İSTANBUL (AA) (YSM) - Kudüs Bilinci Derneği Dış İlişkiler Komisyon Başkanı Meryem Kaya, İsrail'in Türkiye'den Kudüs'e gidenlere yılda bir kez ziyaret hakkı tanıyarak seyahat özgürlüğünü kısıtladığını belirterek, "İsrail'in insanların seyahat hürriyetini engellememek için havaalanındaki uygulamalarına bir standart getirmesi gerekiyor." dedi.
STK'lar, turizm şirketleri ve araştırmacılar İsrail'in Türk vatandaşlarına vize kısıtlaması ve çıkardığı çeşitli zorluklarla ilgili AA muhabirine değerlendirmelerde bulundu.

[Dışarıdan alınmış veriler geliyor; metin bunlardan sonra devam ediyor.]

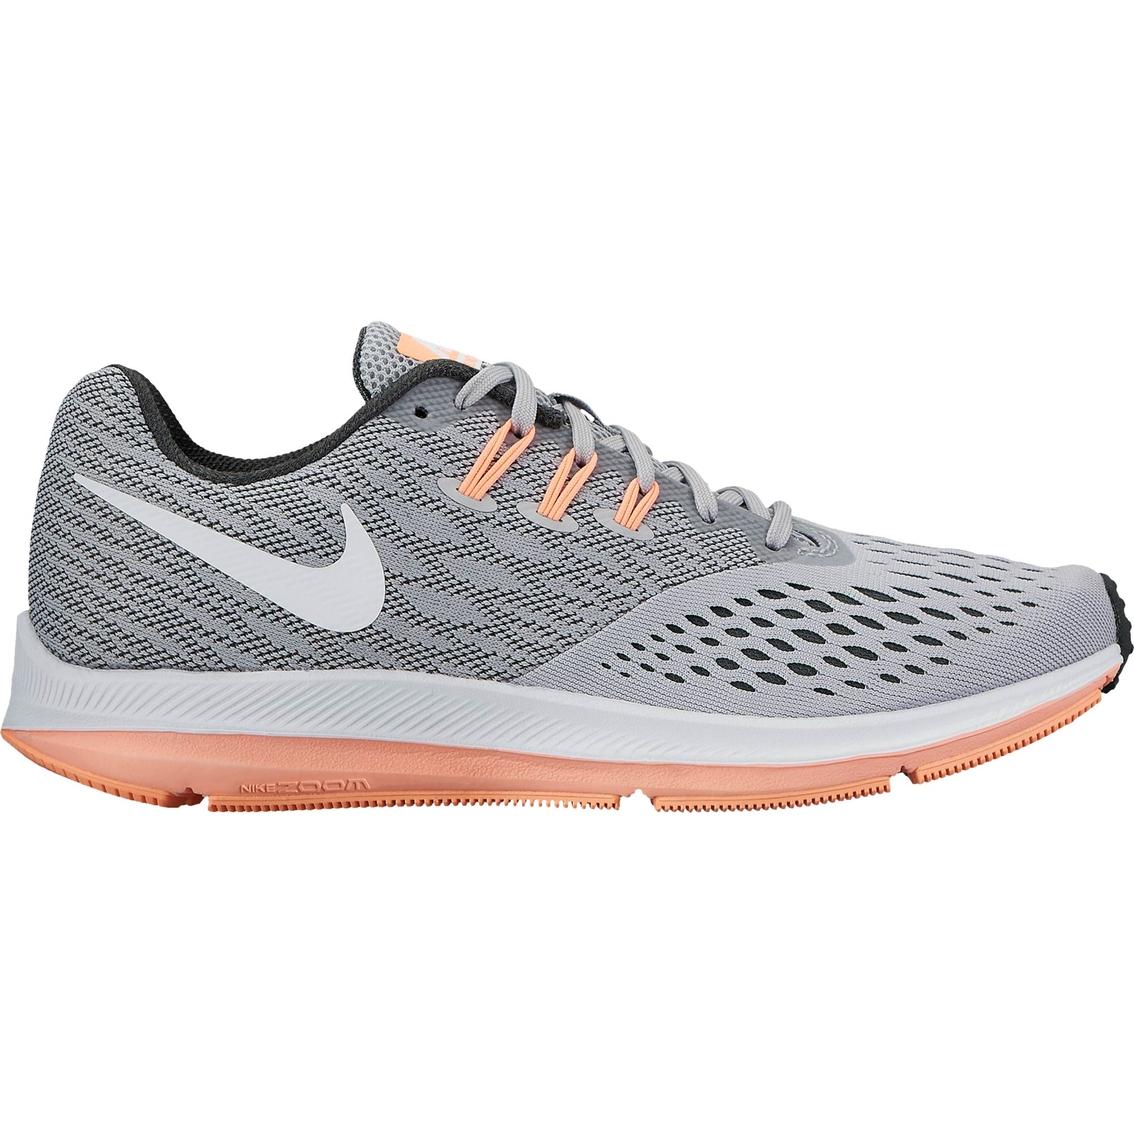 Nike Zoom Womens Running Shoes

Kudüs Bilinci Derneği Dış İlişkiler Komisyon Başkanı Meryem Kaya, İsrail'in yılda sadece bir kez ziyaret hakkı kısıtlaması getirmesinin anlaşılır bir uygulama olmadığını söyledi.

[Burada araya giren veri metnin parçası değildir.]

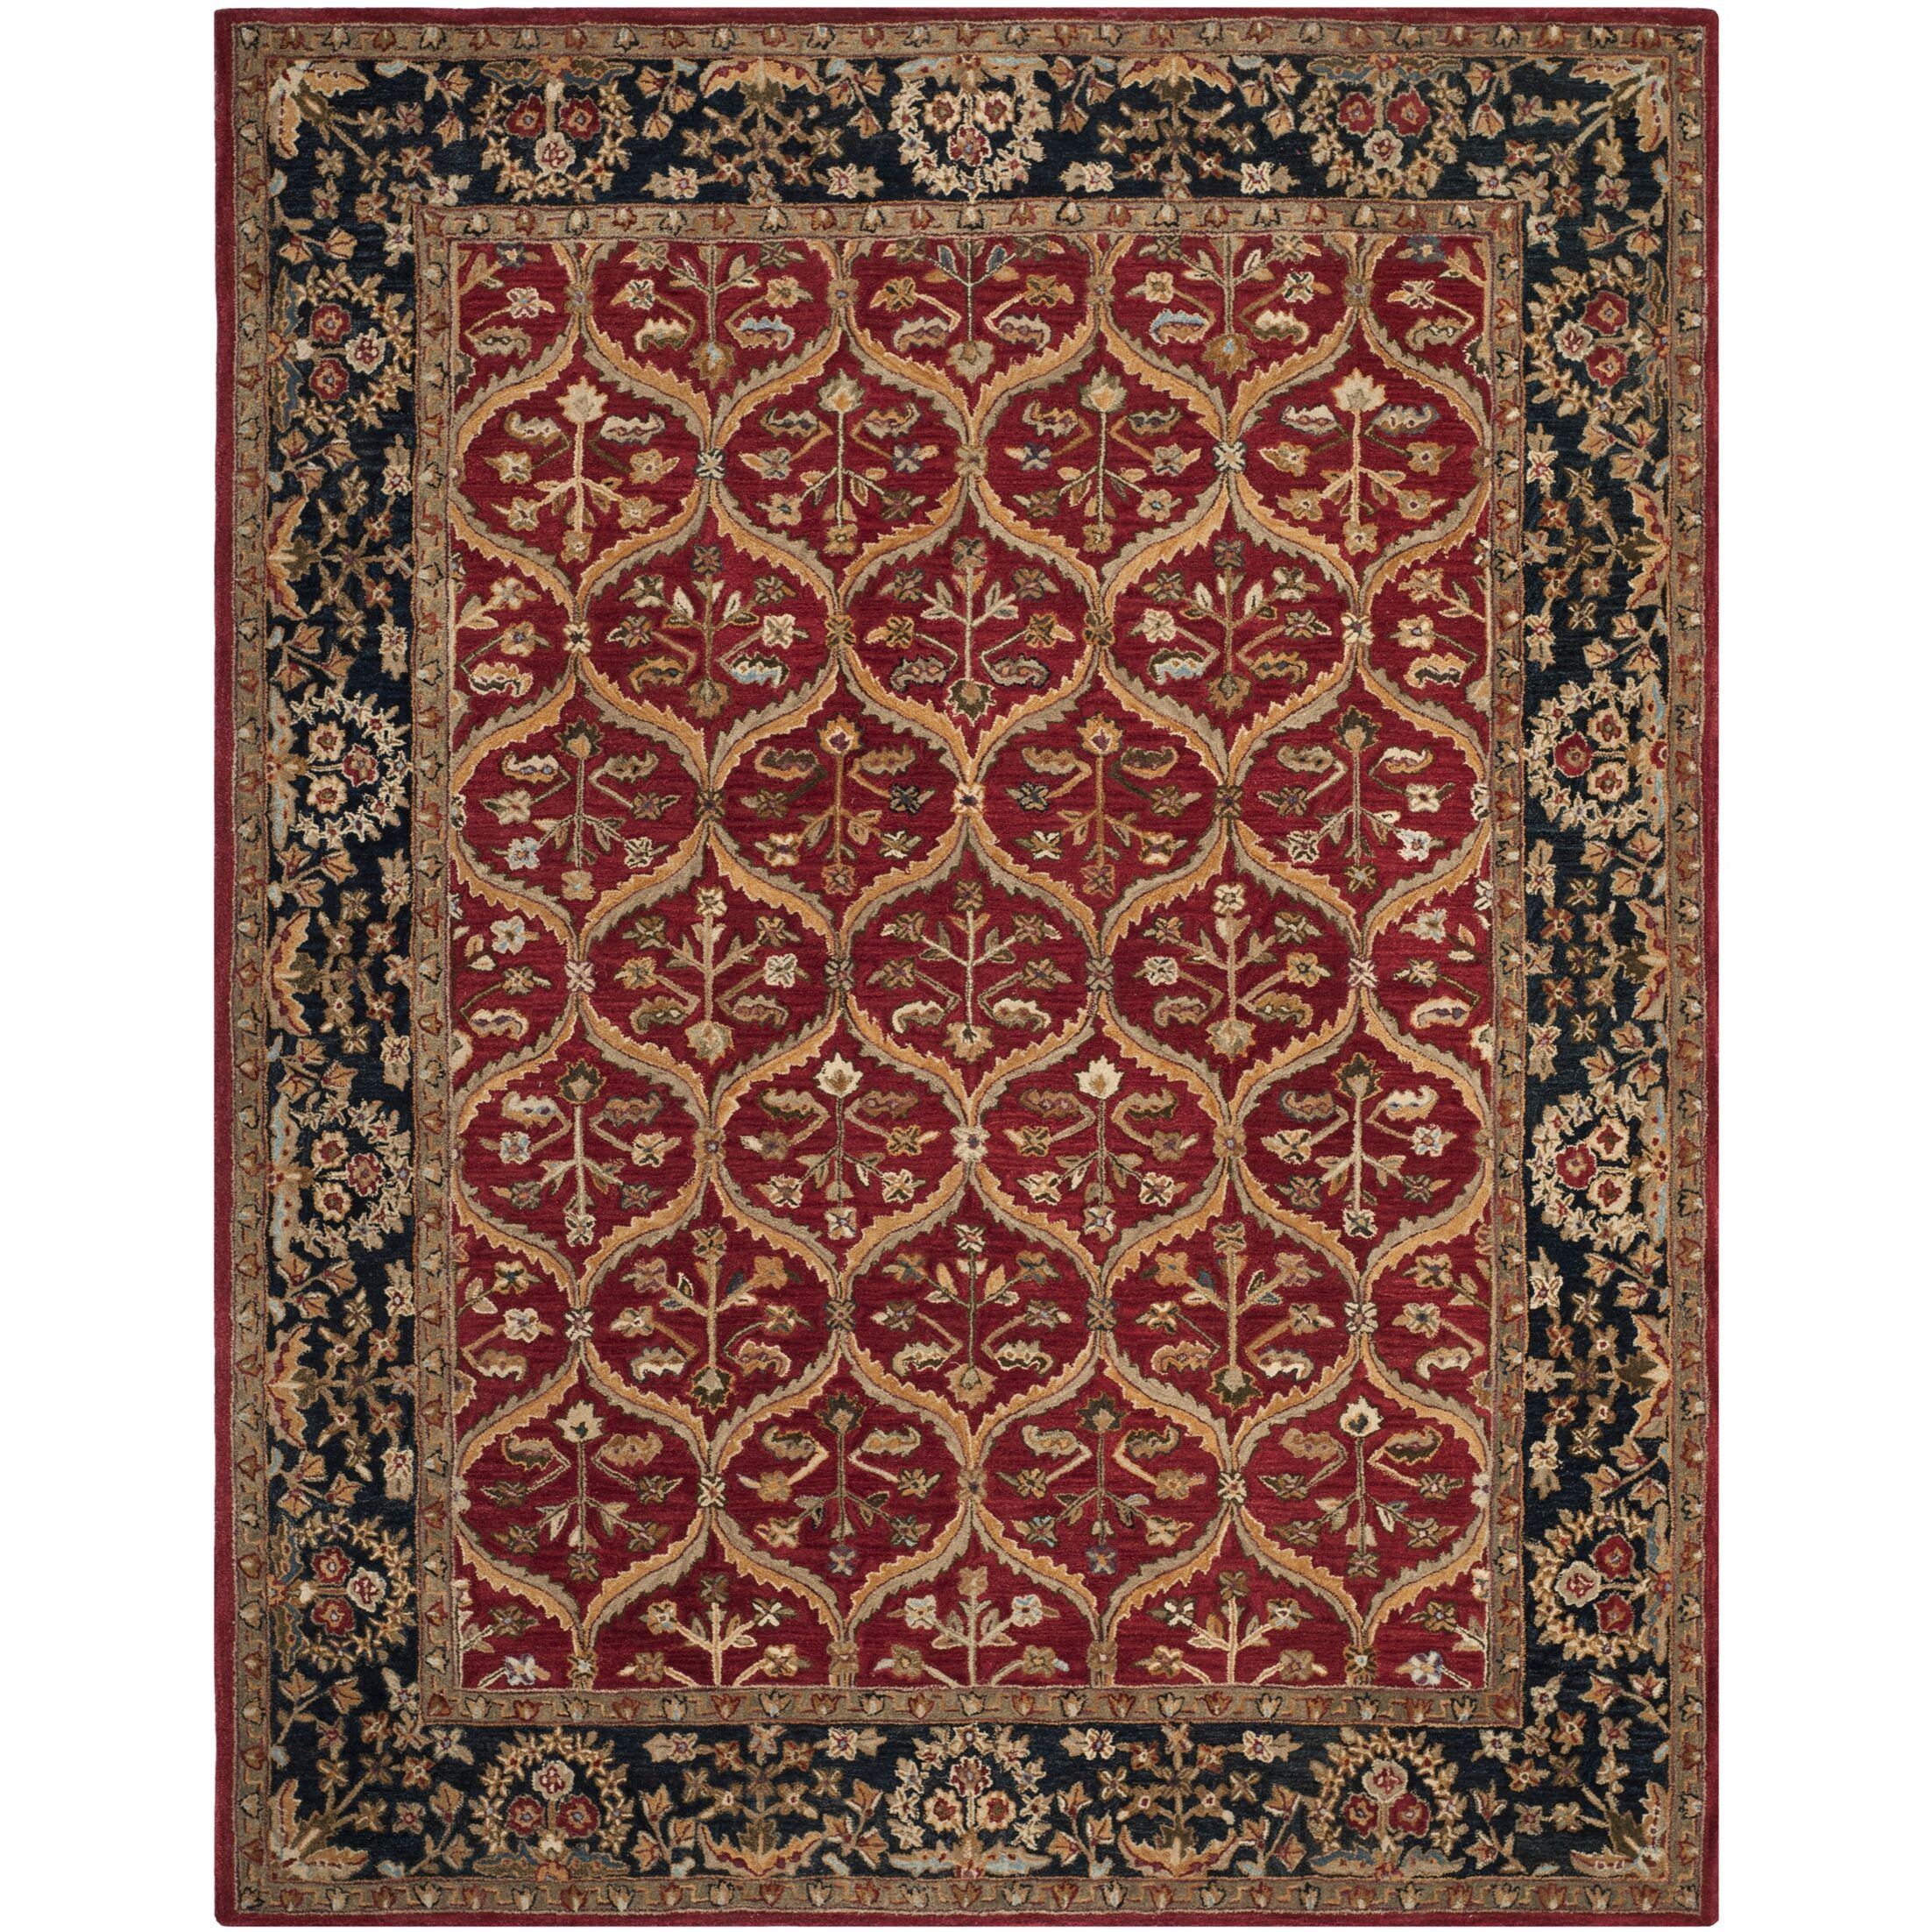 Anatolia Red Area Rug Rug Size: Rectangle 5' x 8'

Uygulamanın insanların seyahat özgürlüğünü engellediğini dile getiren Kaya, şöyle konuştu:
"Kudüs ve diğer bölgelere 3-4 günlük bir turla gidip, tabii güzelliği çok fazla olan, kültürel dokusu bozulmamış tarihi mekanları kısa sürede gezilemiyor. Müsait olanlar o yıl bir kez daha turla gitmek istediğinde İsrail buna 'hayır' diyor. Bizden 43 bin 343 kişi gidebildiği halde İsrail'den ise 450 bin insan ülkemize özgürce gelebiliyor. İsrail, sadece 253 kişiye ülkeye giriş izni vermediğini söylüyor. Oysa çok fazla insan İsrail'in kendisine vize vermeyeceğini veya verse bile havaalanında keyfi sorun çıkaracağını düşündüğü için başvurmuyor."

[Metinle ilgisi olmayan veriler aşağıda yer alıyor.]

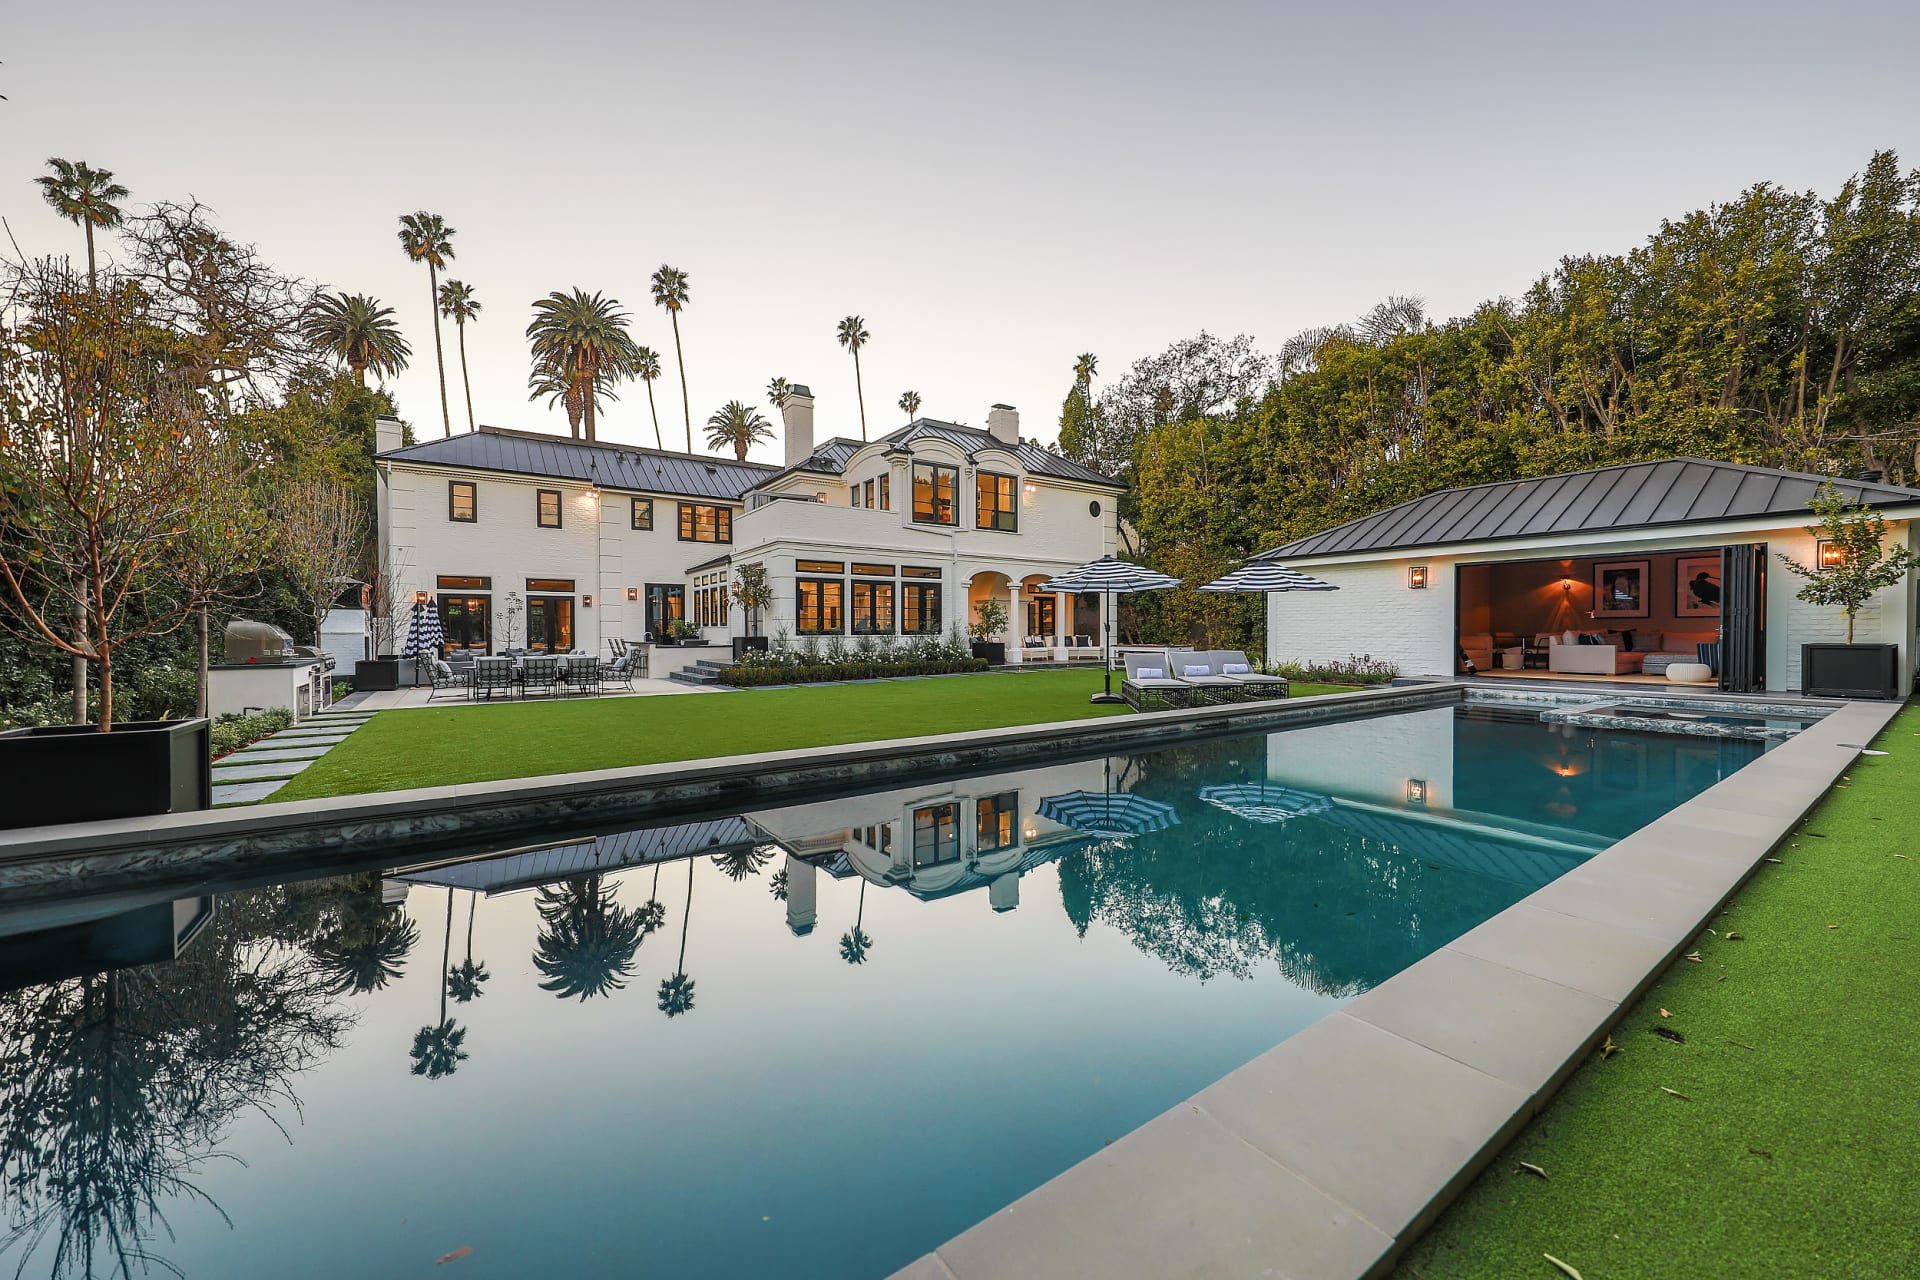 Beverly Hills Flats photo

Kaya, İsrail Büyükelçiliği'nin önceki günlerde yaptığı açıklamasında koşullarda değişiklik olmadığını öne sürdüğünü ancak uygulamada bunun tam tersini gördüklerini vurguladı.
İsrail'in başta seyahat acenteleri olmak üzere Kudüs'e gidenlere ciddi şekilde sıkıntı çıkartabildiğini ifade eden Kaya, "Rastgele seçilen insanlar saatlerce bekletilip mağdur edilebiliyor. İsrail'in seyahat özgürlüğünü farklı yöntemlerle engellemesi ve dönemsel olarak değişen bazı keyfi uygulamaları mağduriyet yaşatıyor. Vize alıp turist olarak gidenler dünyanın başka bir ülkesinde böyle bir muameleye tabi tutulmuyor. İsrail'in insanların seyahat hürriyetini engellememek için havaalanındaki uygulamalarına bir standart getirmesi gerekiyor." diye konuştu.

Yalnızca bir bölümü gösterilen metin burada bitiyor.